Édito | En matière scolaire, les projets des droites extrêmes, conservatrices ou libérales s’entrelacent, s’interpénètrent et s’alimentent mutuellement
Il n’est pas dans nos intentions de vouloir mêler et confondre toutes les menaces que les droites font peser aujourd’hui sur l’école publique comme si elles procédaient d’intentions identiques. Nous savons les traits singuliers de l’extrême-droite et la nature particulière du refus qu’il faut opposer à leur vision de l’école. Nous connaissons les multiples divergences qui opposent, parfois au sein même des partis, leurs conceptions de la politique scolaire. Mais nous ne pouvons pas davantage nous satisfaire d’une distinction absolue qui séparerait d’un bord, les attaques conservatrices qui veulent faire de l’école le vecteur idéologique du maintien des valeurs réactionnaires et de l’autre, les volontés ultralibérales qui raisonnent la question scolaire dans les perspectives d’une mise en marché. Les cinq ans d’exercice de pouvoir ministériel de Jean-Michel Blanquer ont tout particulièrement contribué à montrer comment, en matière scolaire, les projets des droites extrêmes, conservatrices ou libérales s’entrelacent, s’interpénètrent, s’alimentent mutuellement en jouant tantôt sur leurs oppositions, tantôt sur leurs opportunités d’alliance.
Le discours sur les « fondamentaux » en offre l’exemple. Pour les uns, il s’agit de recouvrer l’idéalité fantasmée d’une école de l’ordre et de l’autorité… pour les autres, il s’agit davantage de rationaliser l’enseignement vers les seules compétences indispensables à l’employabilité. Nul doute que ce ne sont pas les mêmes visions sociales qui émergent de chacune de ses perspectives mais pour autant, elles permettent le discours commun qui, paré des atours rhétoriques d’une volonté de démocratisation, a nourri la progressive dégradation des réalités égalitaires de notre système scolaire.

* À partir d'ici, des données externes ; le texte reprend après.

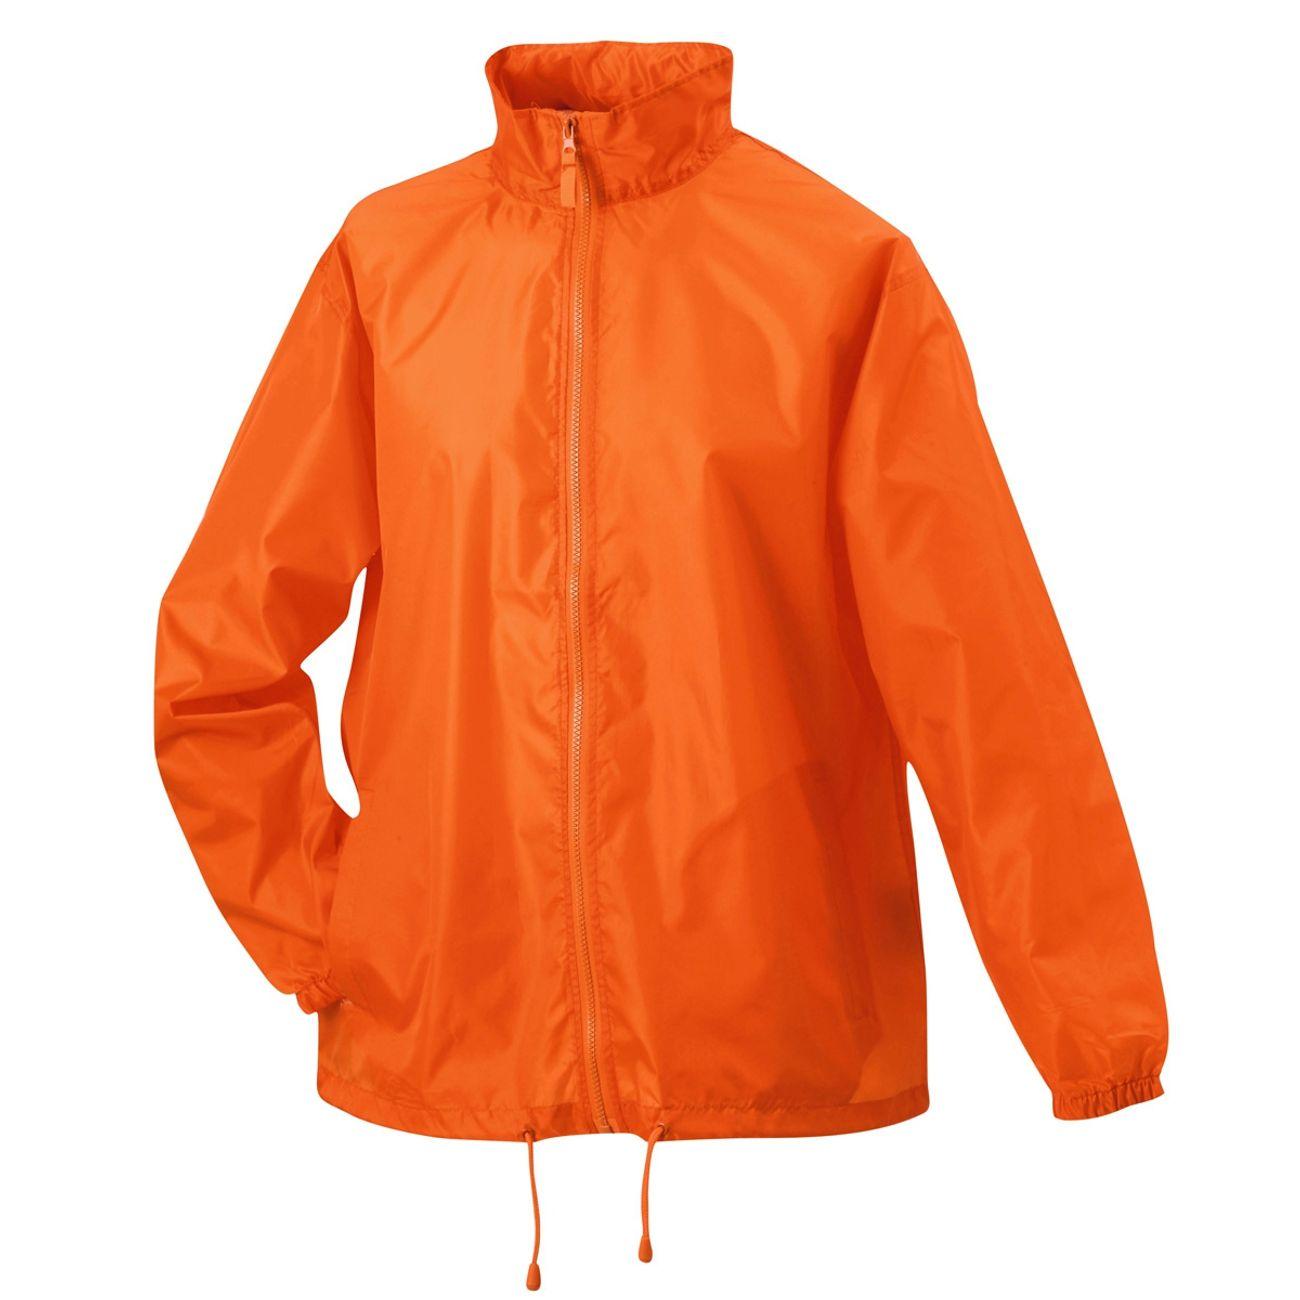 Veste coupe-vent imperméable HOMME FEMME JN195 - orange - achat et prix pas cher - Go Sport

Le refus de conceptions dites « pédagogistes », le recours de plus en plus coercitif à la modélisation des pratiques professionnelles, l’orientation professionnelle précoce des élèves et la mainmise du patronat sur la formation professionnelle… bien des sujets permettent de constater qu’au-delà de fondements idéologiques différents, ce sont les mêmes orientations de politique éducative qui sont annoncées. Mêmes convergences quand il s’agit de renforcer l’organisation hiérarchisée de l’école : partisans de l’ordre et technocrates du management en affirment la nécessité. Et quand ils attaquent la sociologie critique ou fustigent « l’islamo-gauchisme » de l’université ou la « complaisance » de l’école avec le « séparatisme » communautariste en se fondant sur une conception dévoyée de l’universalisme ou de la laïcité, ce sont les mêmes accents de haine, de mensonge et de simplification outrancière qu’on entend de bord et d’autre.

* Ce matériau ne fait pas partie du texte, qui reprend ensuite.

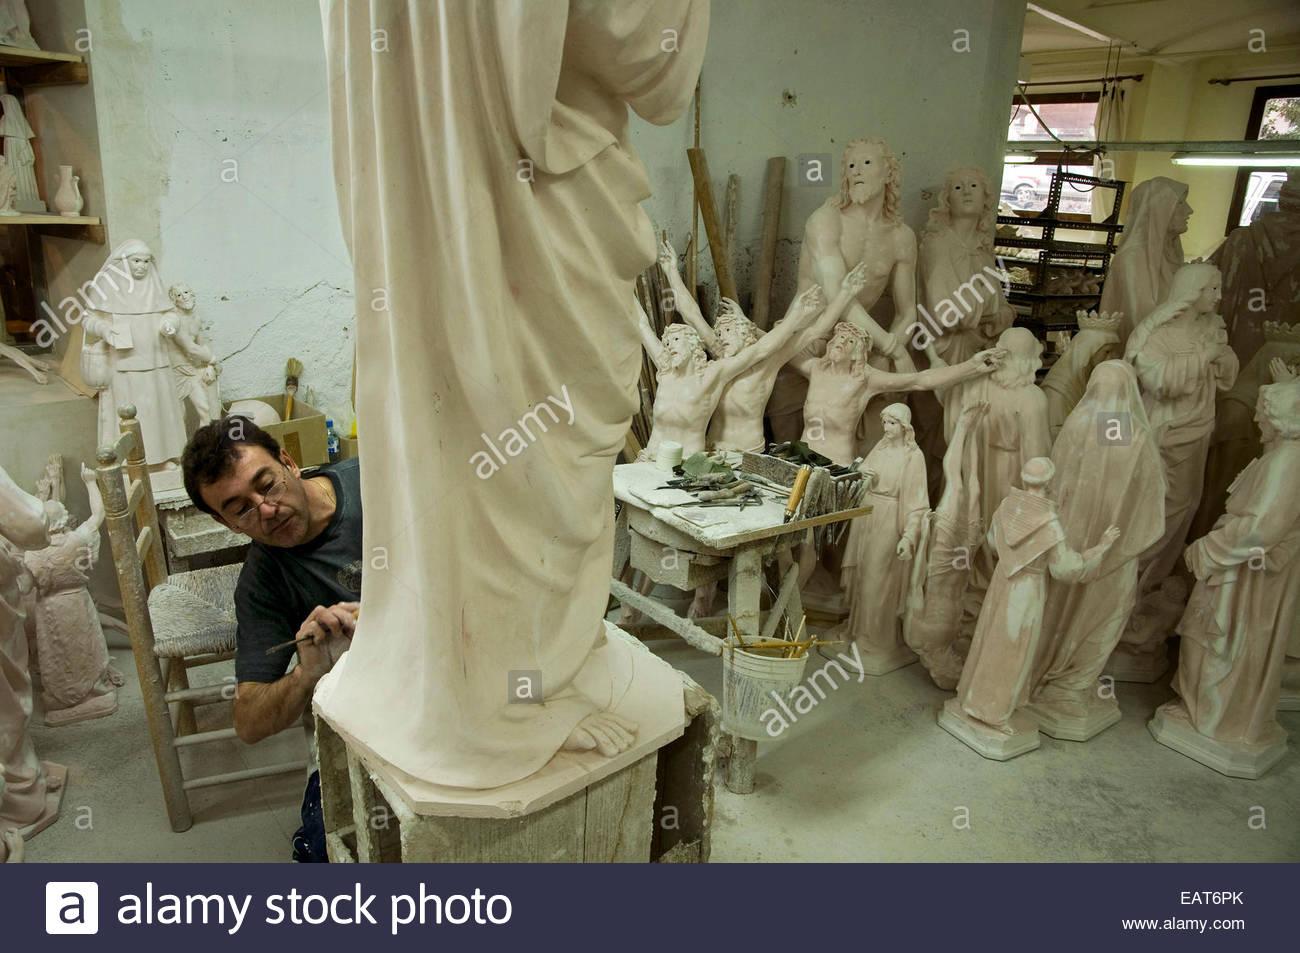 Un uomo artefice statue religiose a El Arte Cristiano in fabbrica a Olot, Spagna. Immagini Stock

Un mépris commun nourrit les discours réactionnaires, conservateurs et libéraux : celui qu’ils portent sur la destinée scolaire des classes populaires. Ils dédaignent l’ambition révolutionnaire d’une égalité réelle, celle dont l’enthousiasme utopique de 1789 voulait qu’elle nourrisse à la fois l’espérance politique, morale et intellectuelle. Ils lui préfèrent les discours hypocrites de « l’égalité des chances » qu’ils ont façonné pour laisser croire qu’une disposition naturelle de l’individu continuait à déterminer son avenir scolaire et qu’on pouvait se satisfaire de célébrer quelques réussites singulières pour innocenter une politique ségrégative. A l’ambition d’une égalité réelle pour toutes et tous, ils ont substitué celle d’une promesse que le discours répète mais que la réalité ignore.
Car s’il y a bien une volonté politique qui doit nous réunir contre cette droitisation des politiques scolaires, quel qu’en soit le fondement idéologique, c’est celle de ne penser l’école qu’aux conditions de sa finalité démocratique, de sa capacité réelle à fonder les droits de la citoyenne et du citoyen par la raison, le sens critique et la culture commune. Et face à la droitisation des politiques scolaires, c’est cette perspective qui doit unir les gauches pour la défense de l’école populaire et démocratique.